■ **REQUIRED ACTION**
Among the records below, find the line with "Einüberaus Mächtiger Naruto" and the line with "Bilder zu Smash". Set down both and every line between, exactly and with no pictures, but nothing else.

■ **LISTED ENTRIES**

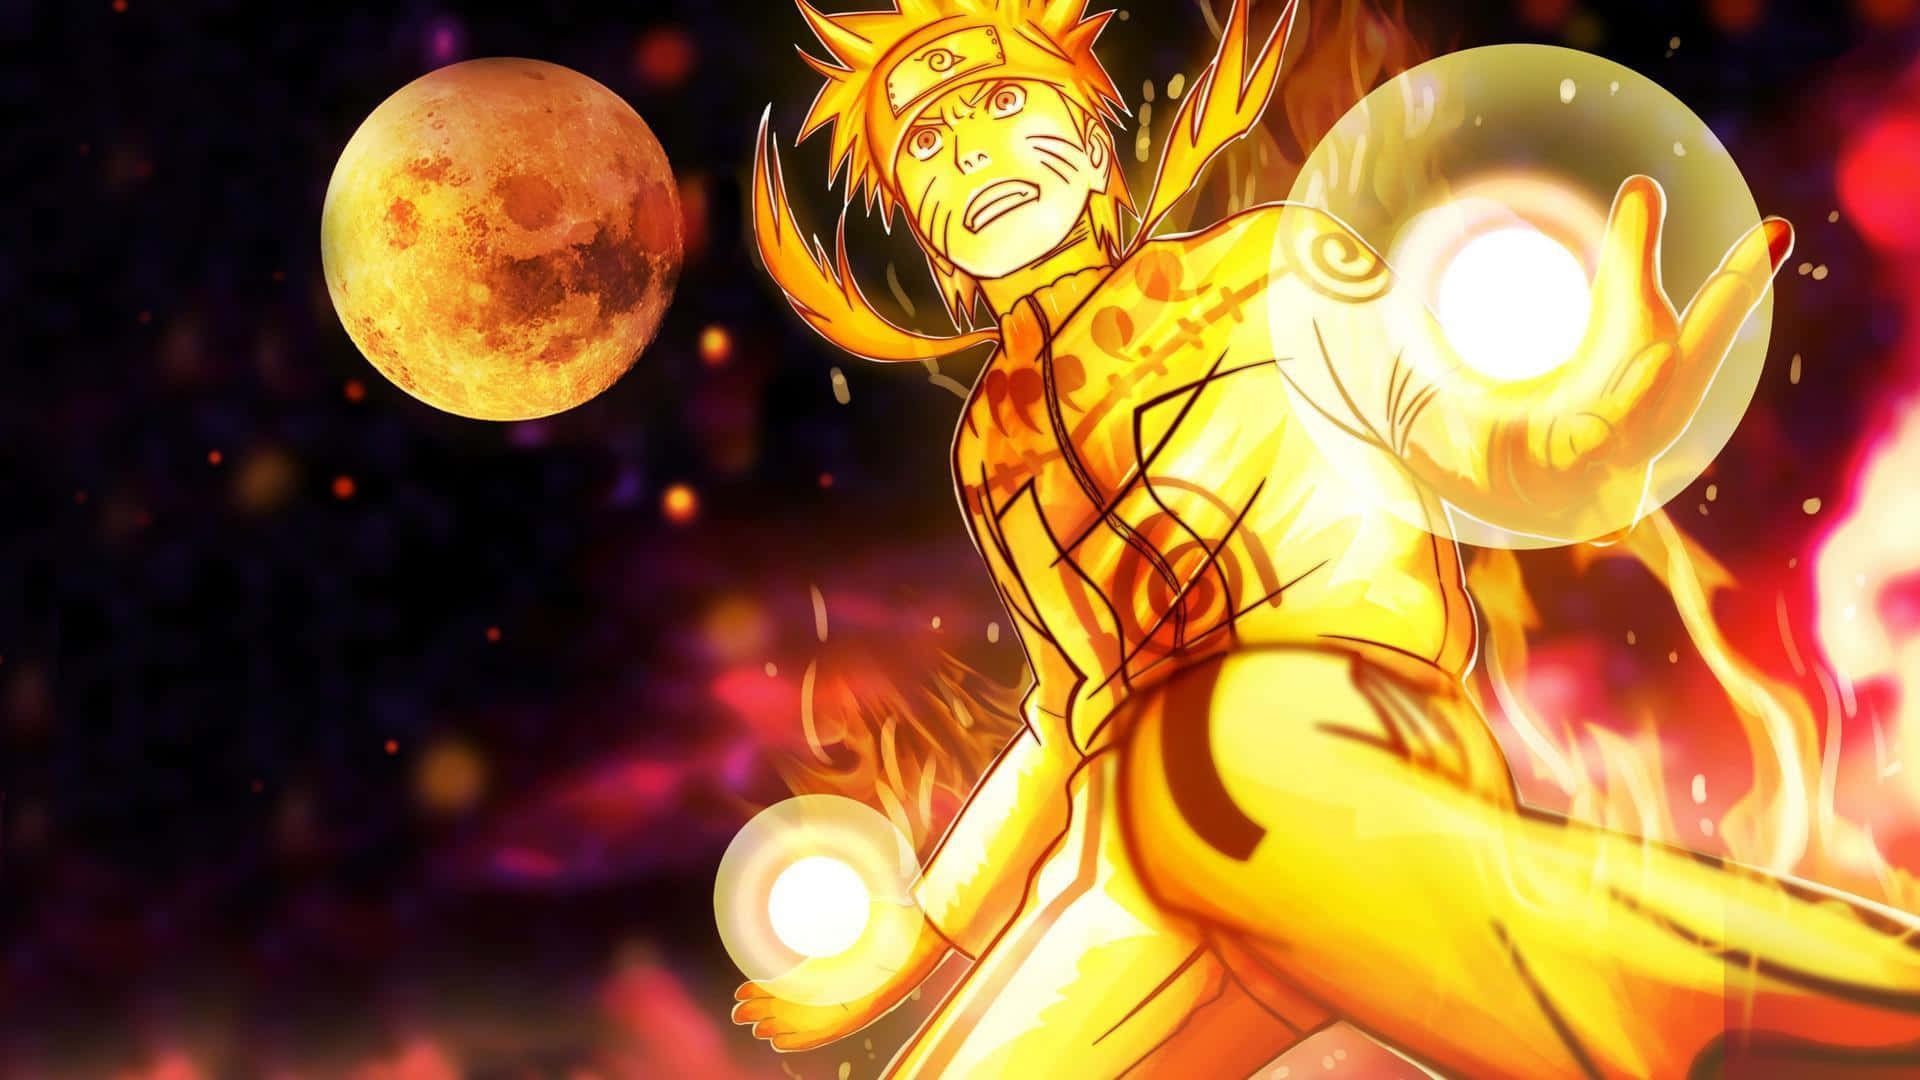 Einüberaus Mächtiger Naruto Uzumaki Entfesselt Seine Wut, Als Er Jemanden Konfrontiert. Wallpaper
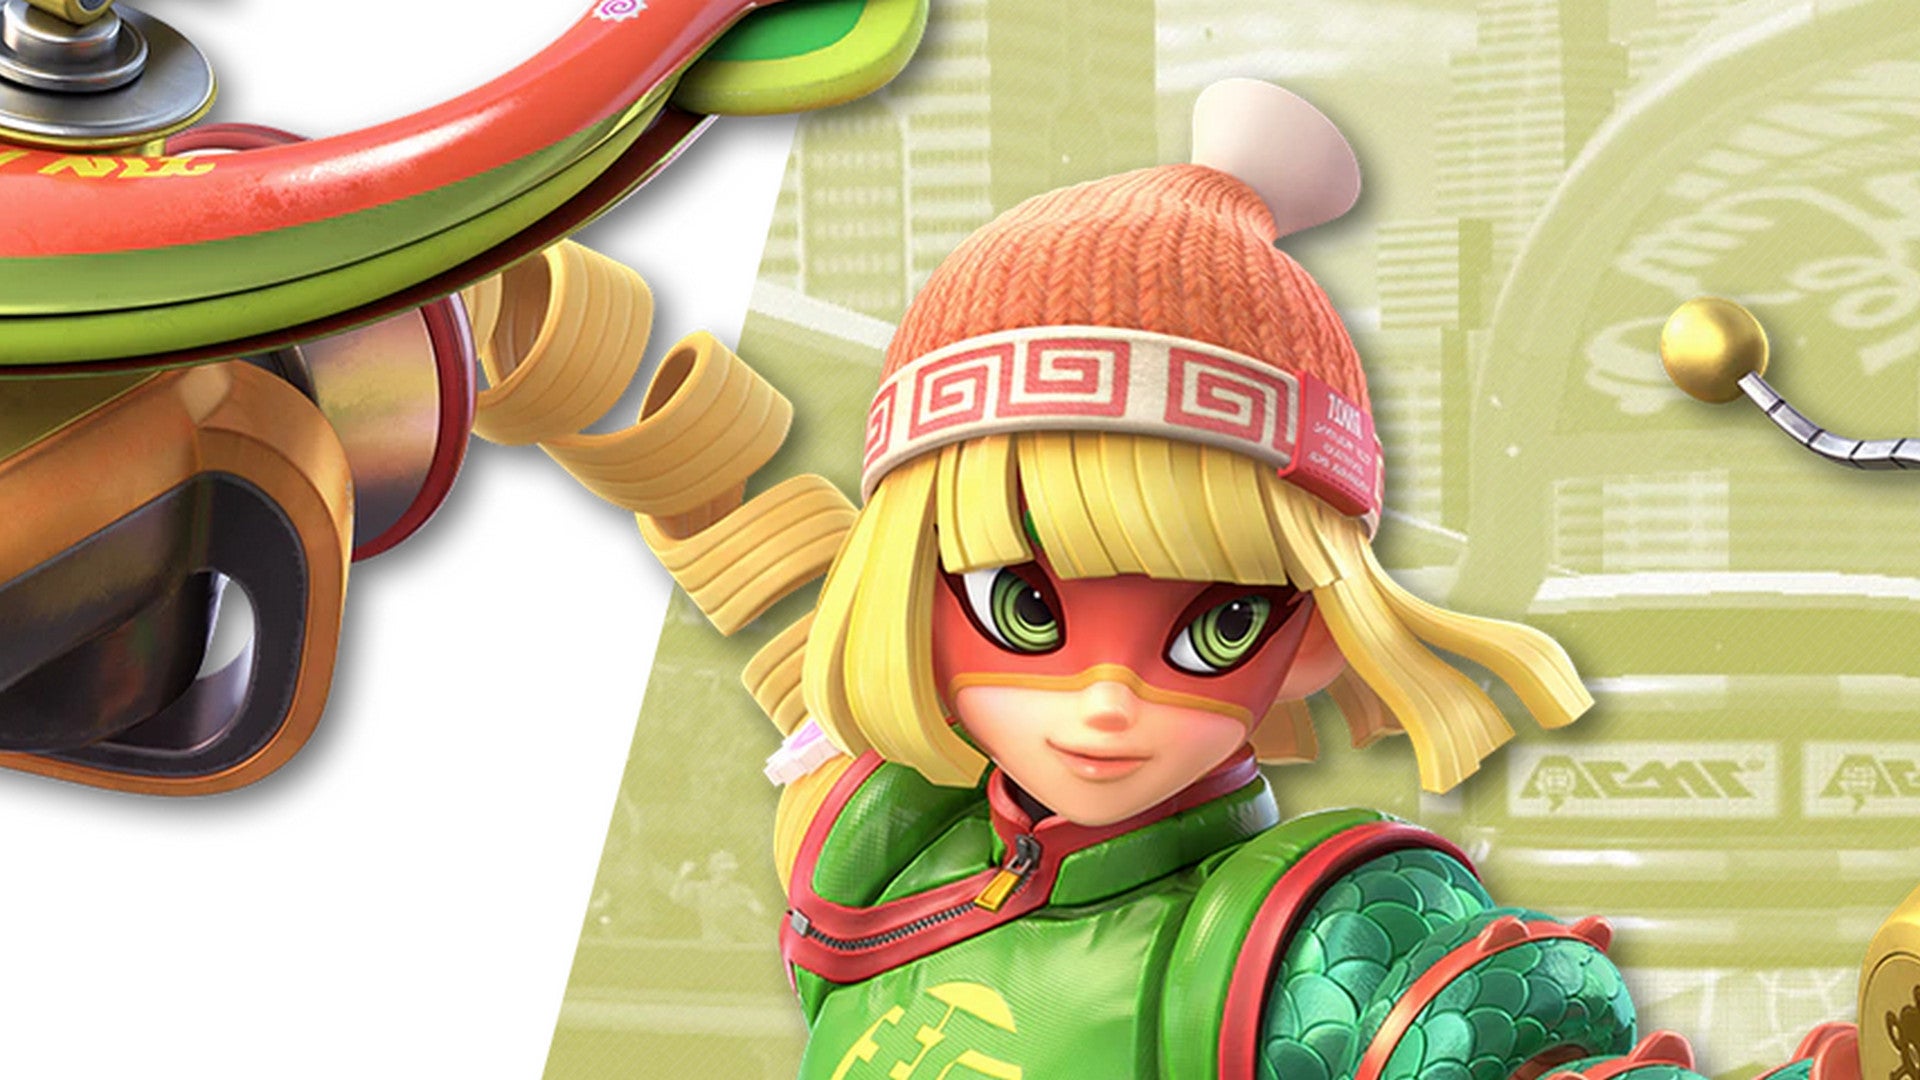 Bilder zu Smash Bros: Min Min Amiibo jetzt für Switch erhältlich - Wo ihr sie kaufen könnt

==

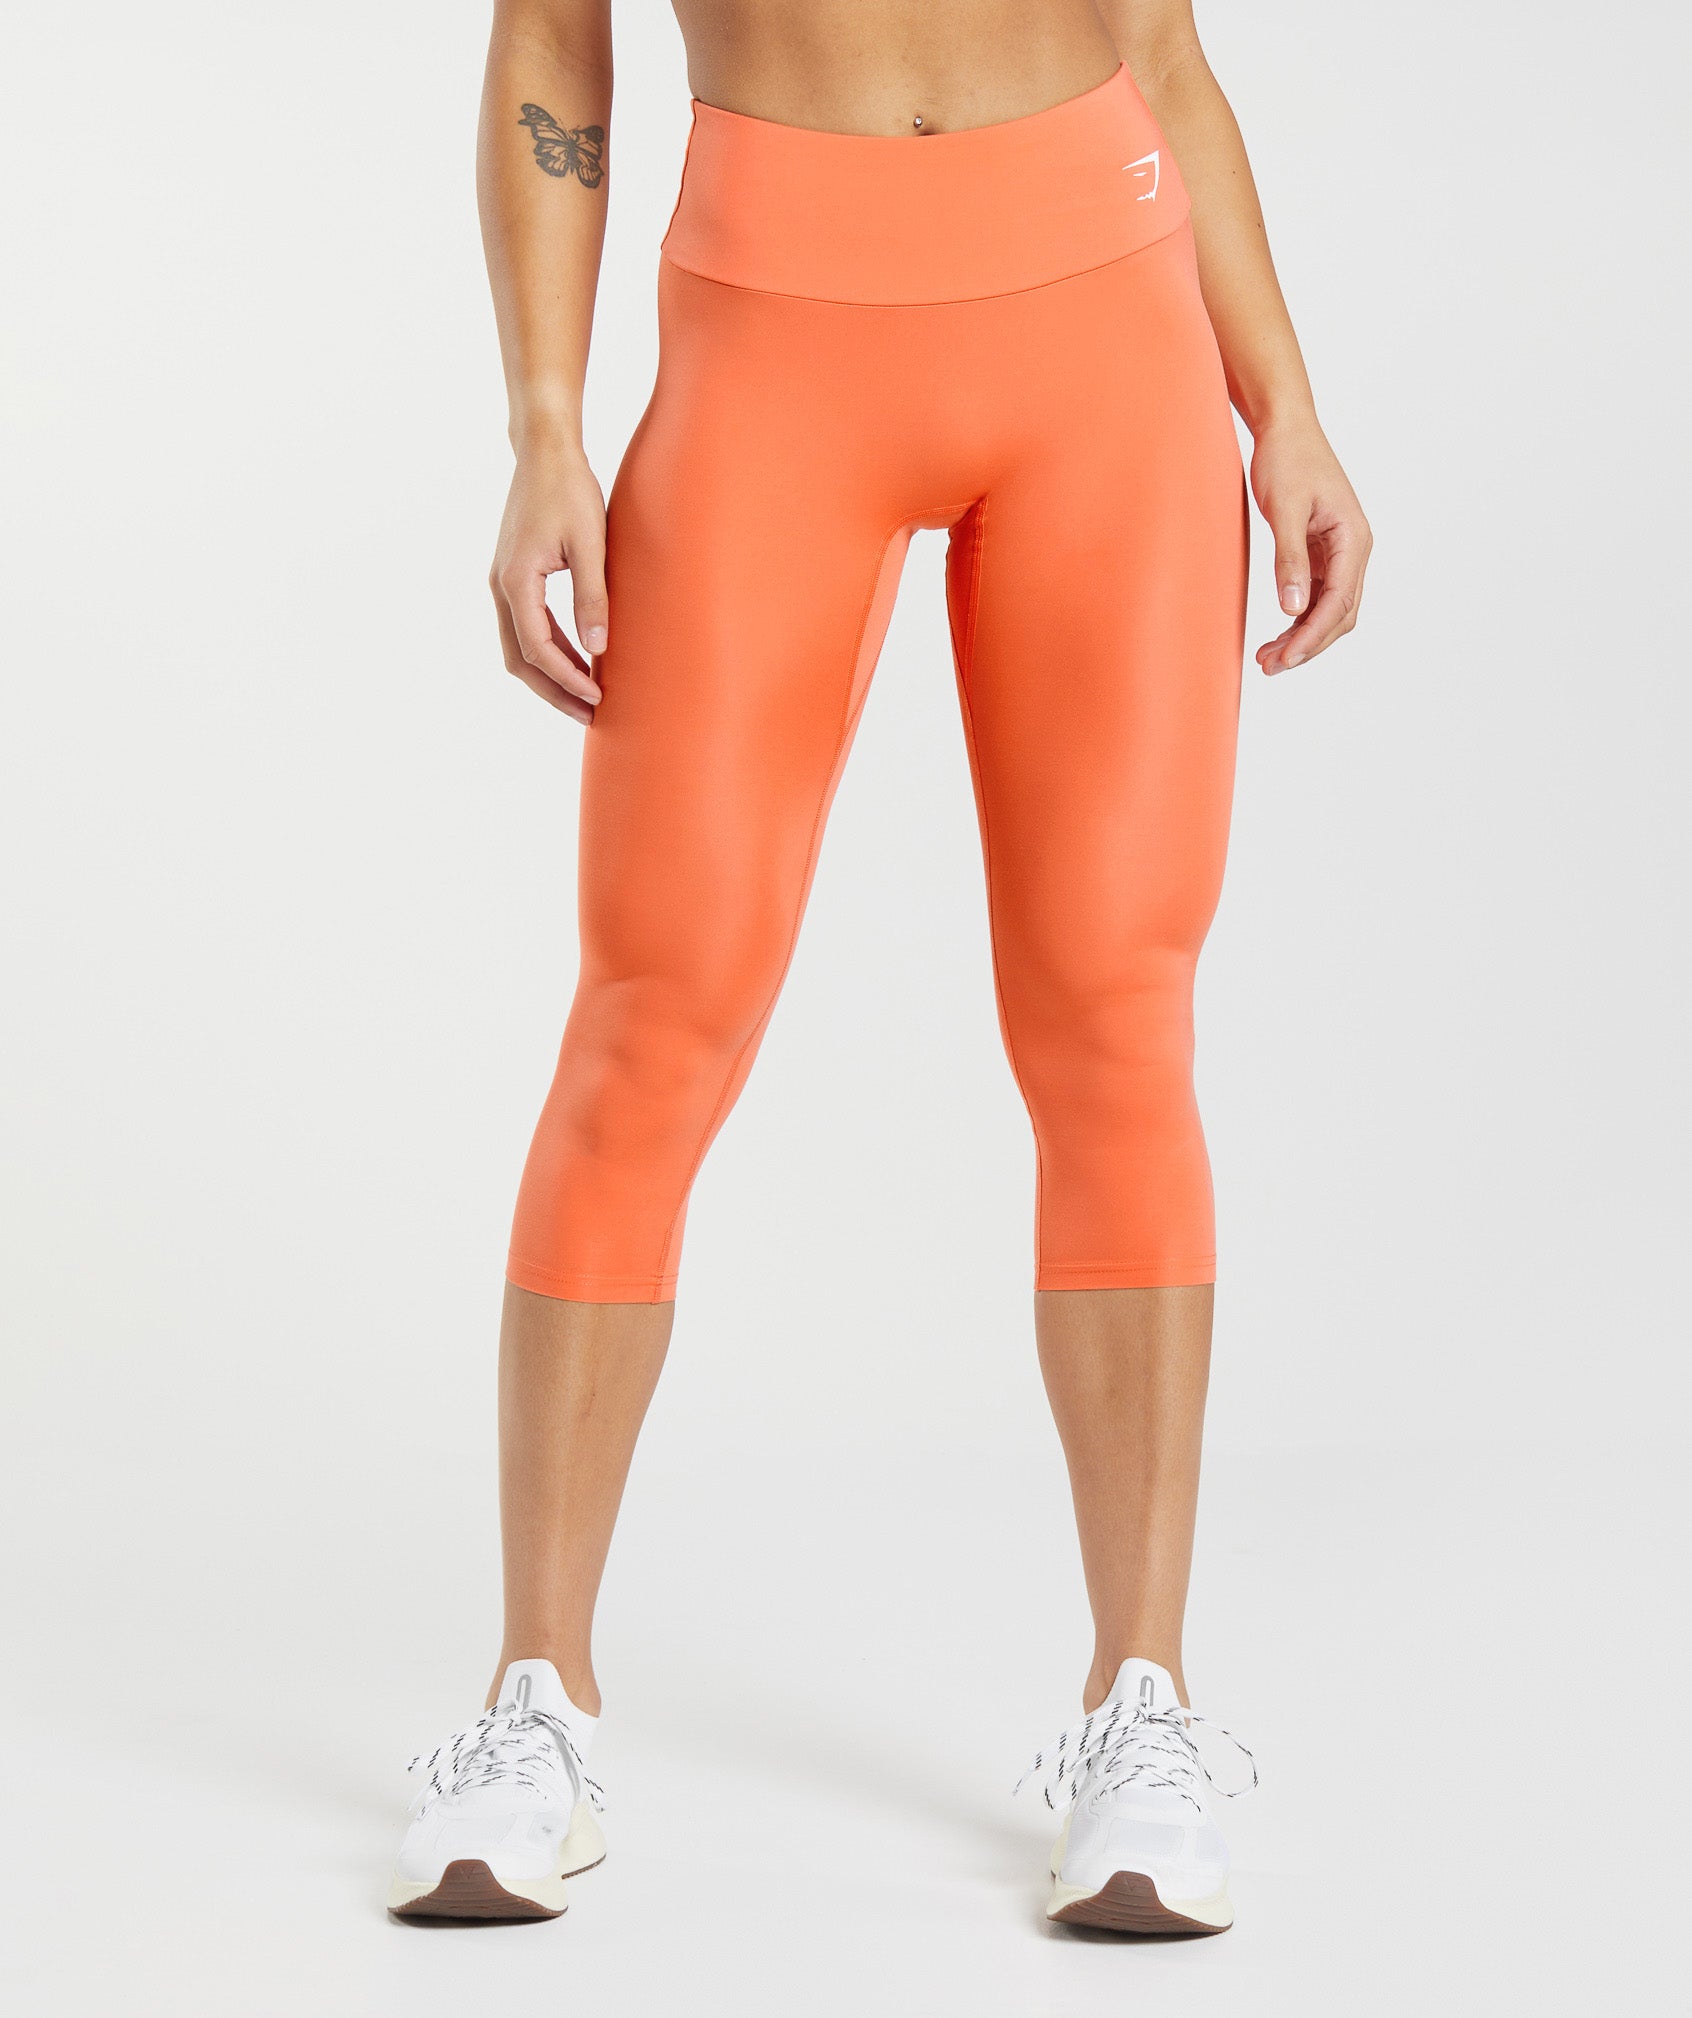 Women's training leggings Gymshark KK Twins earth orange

* * *

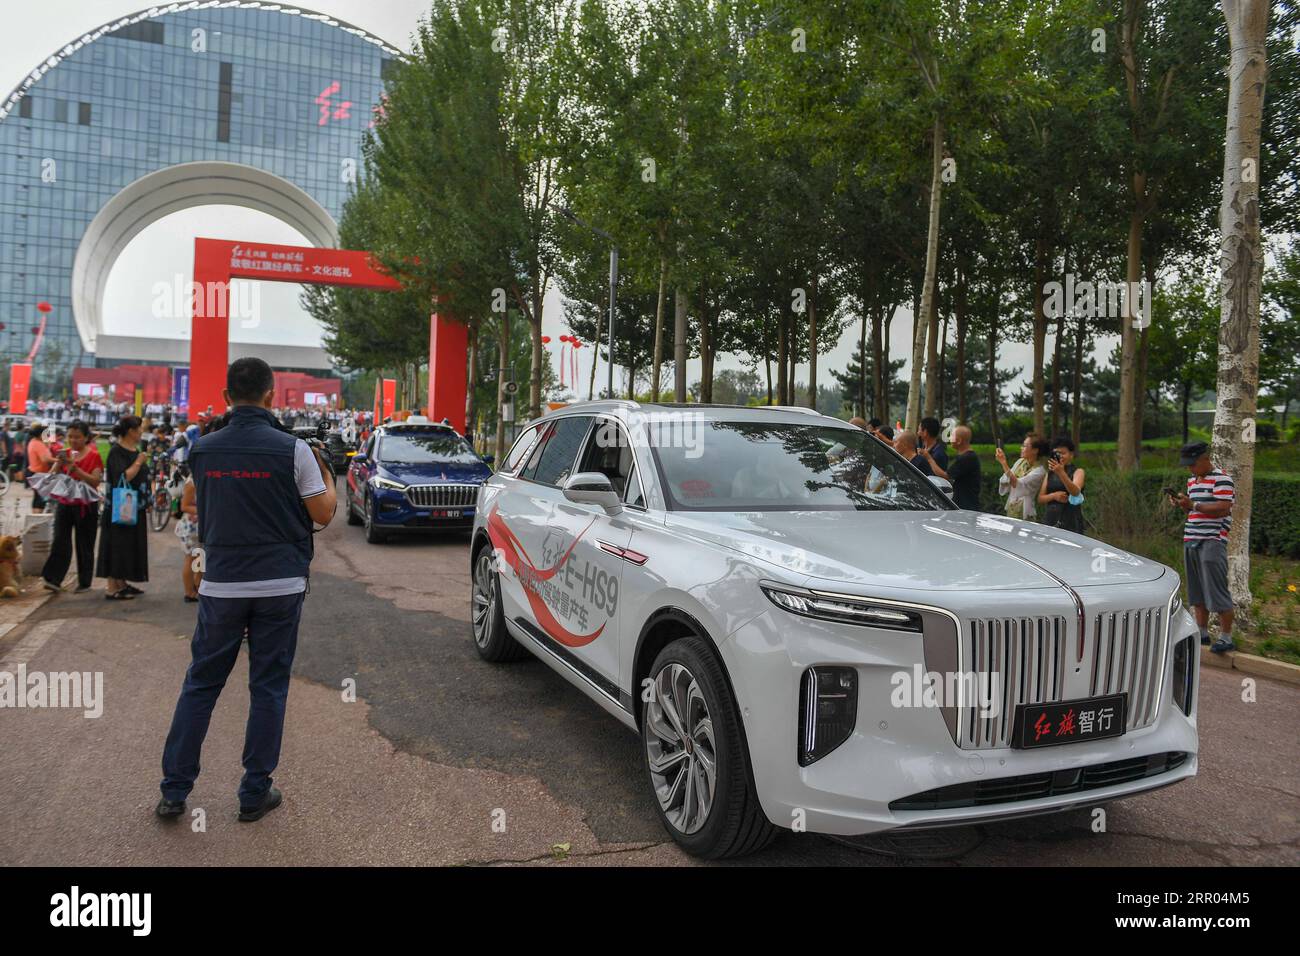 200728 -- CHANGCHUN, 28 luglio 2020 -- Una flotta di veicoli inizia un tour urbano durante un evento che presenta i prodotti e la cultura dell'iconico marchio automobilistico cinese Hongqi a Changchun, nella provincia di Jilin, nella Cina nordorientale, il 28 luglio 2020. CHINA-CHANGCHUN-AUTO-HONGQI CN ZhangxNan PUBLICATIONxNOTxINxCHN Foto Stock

■ **RESPONSE**
 Einüberaus Mächtiger Naruto Uzumaki Entfesselt Seine Wut, Als Er Jemanden Konfrontiert. Wallpaper
 Bilder zu Smash Bros: Min Min Amiibo jetzt für Switch erhältlich - Wo ihr sie kaufen könnt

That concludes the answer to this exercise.